Last weekend a colleague of mine invited me to give a guest lecture for her summer class in evironmental and science writing at the Kellogg Biological Station. KBS is a research center built on the former estate of the Kellogg family (yes, the cereal people). It’s primary features are a campus of labs and greenhouses, along a large, very clear lake called Gull Lake.
Off campus there is also a bird sanctuary and any number of research forests and ponds (though I didn’t get to spend much time in these). I had only a little bit of teaching to do, so naturally I brought my equipment and my foldscope and spent evenings pestering lichen and tiny bugs with my hand lens, and looking at slides of algae.
The algae told me a story about the lake, one I couldn’t piece together until the next day. You see, most of the algae I see in my lake hunts are the thick, choking mats of spirogyra you find floating in artificial ponds all over city parks. They cover the top of the pond, tangled like a badly kept wig.
So why such a difference? I had a notion that I already knew part of the answer: there are waves on this lake. Spirogyra seems to thrive most where it can be stationary. It seems to need stagnant water. This lake is far from stagnant, but is instead clear and blue. But why should this matter to algae?

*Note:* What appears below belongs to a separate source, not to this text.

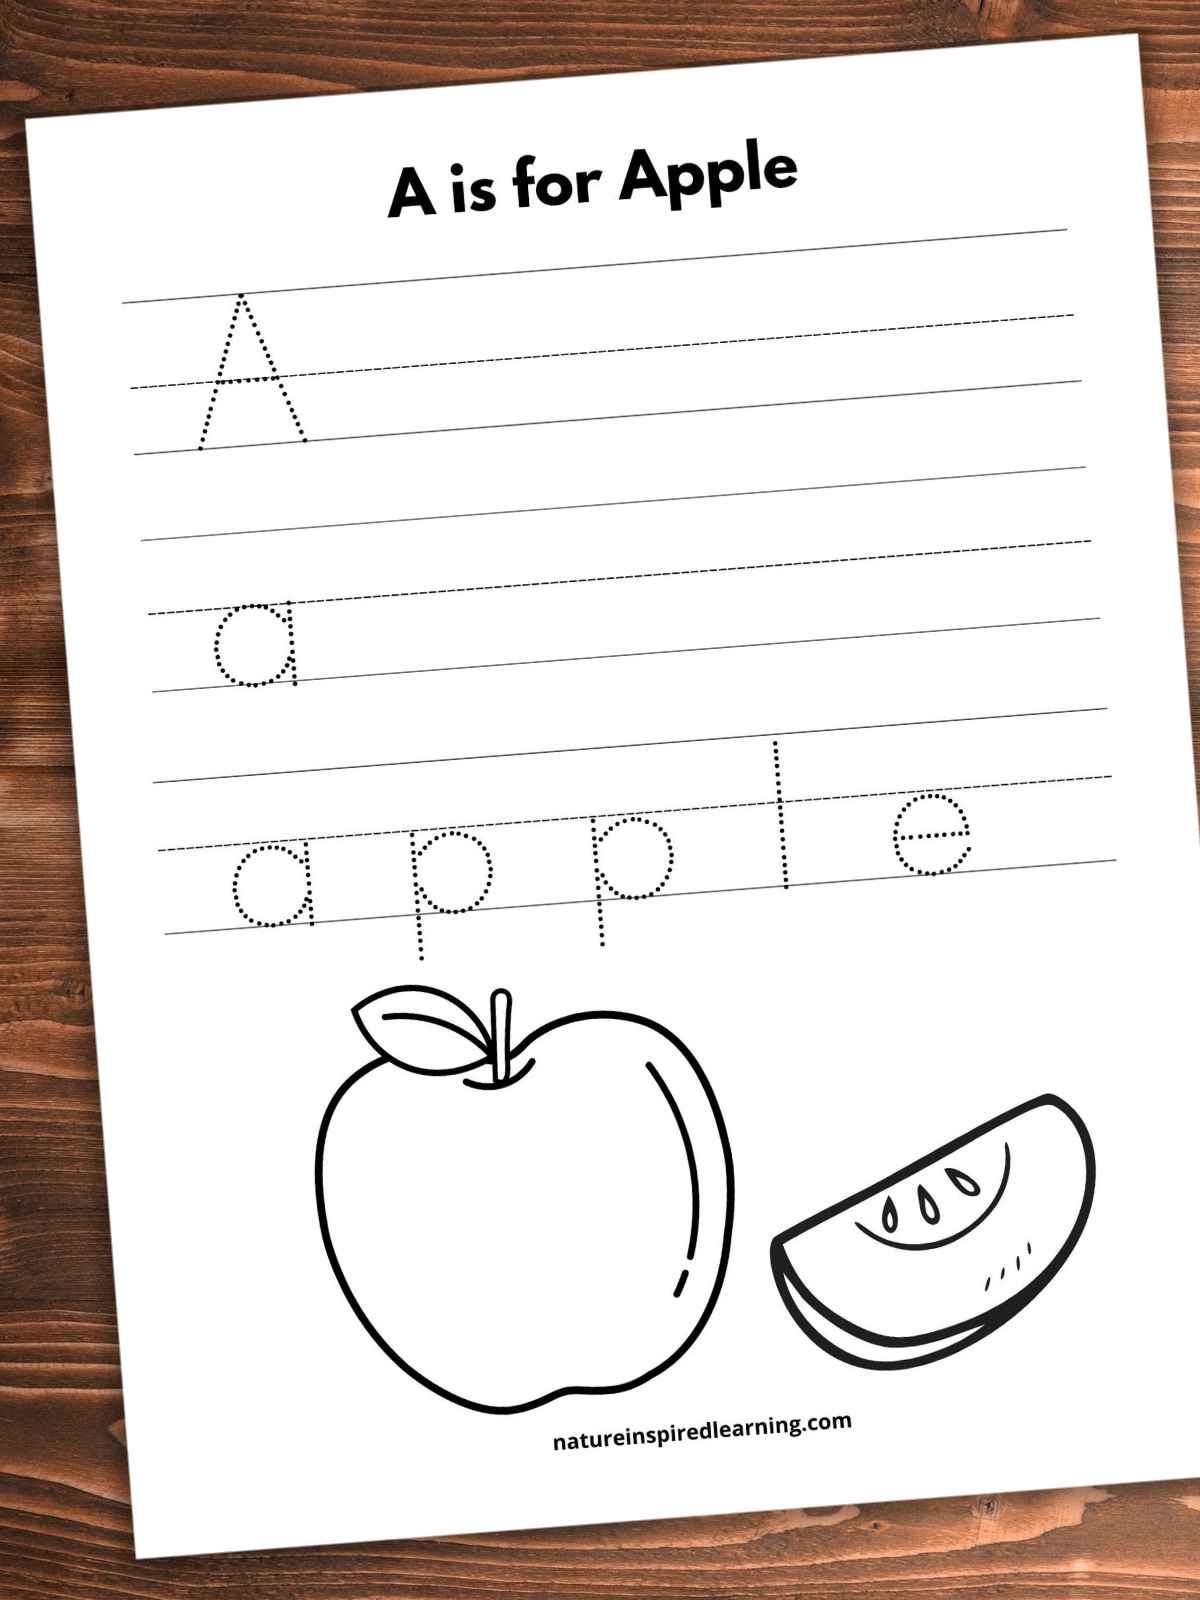 A is for Apple written in bold across top with lines with the letter A and a and a third set of lines with apple written in lowercase dotted letters. Black and white image of an apple with one slice across bottom half of worksheet. Printable slanted on a wooden background.
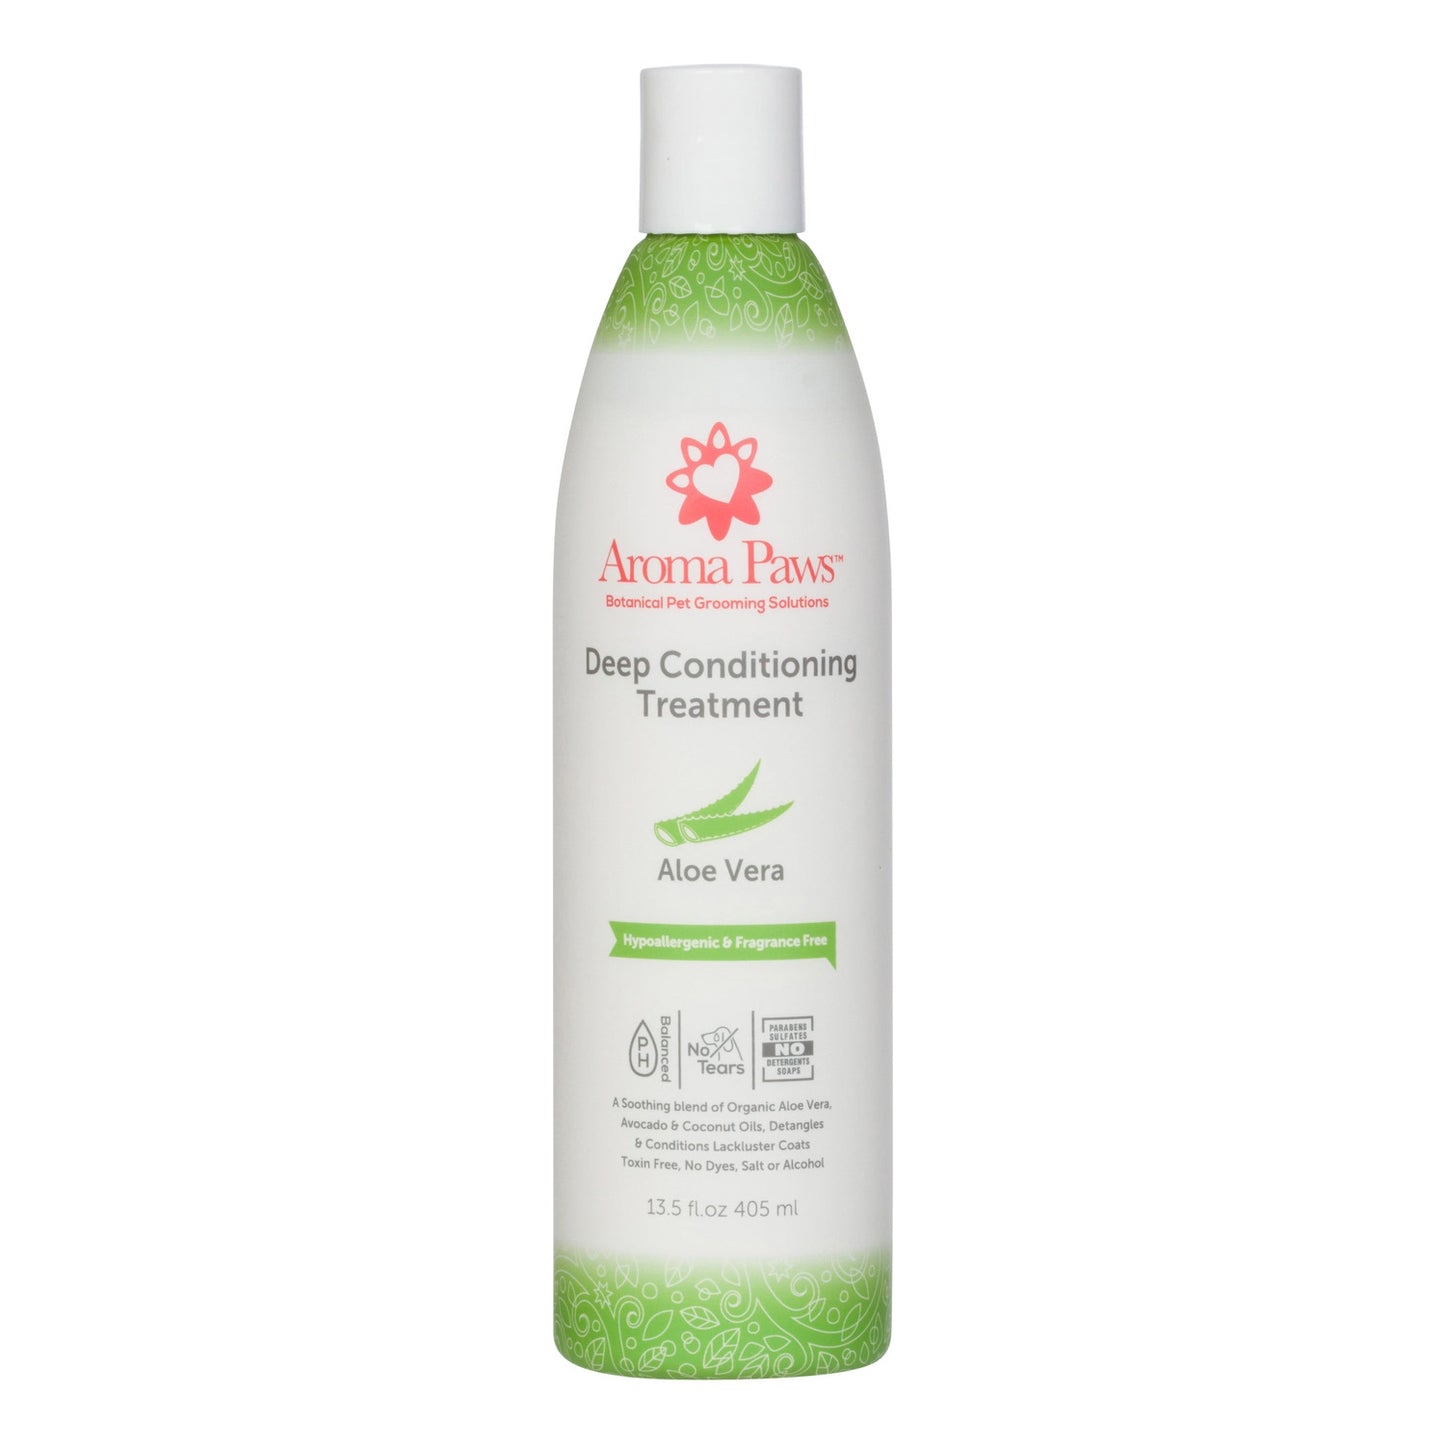 Aroma Paws Deep Conditioning Treatment 13.5 oz.

The students answered this for me the next day. Those ponds I see all the time are eutrophic, meaning they have a high biomass caused by a constant fall of rotting leaves and bird droppings. The algae I find there is better suited to a nitrogen rich pond. In the lake where there are currents and waves, these rock clingers do better.
And with that shift comes other forms of life. Zebra mussels (seen below), as well as new kinds of fish and flies.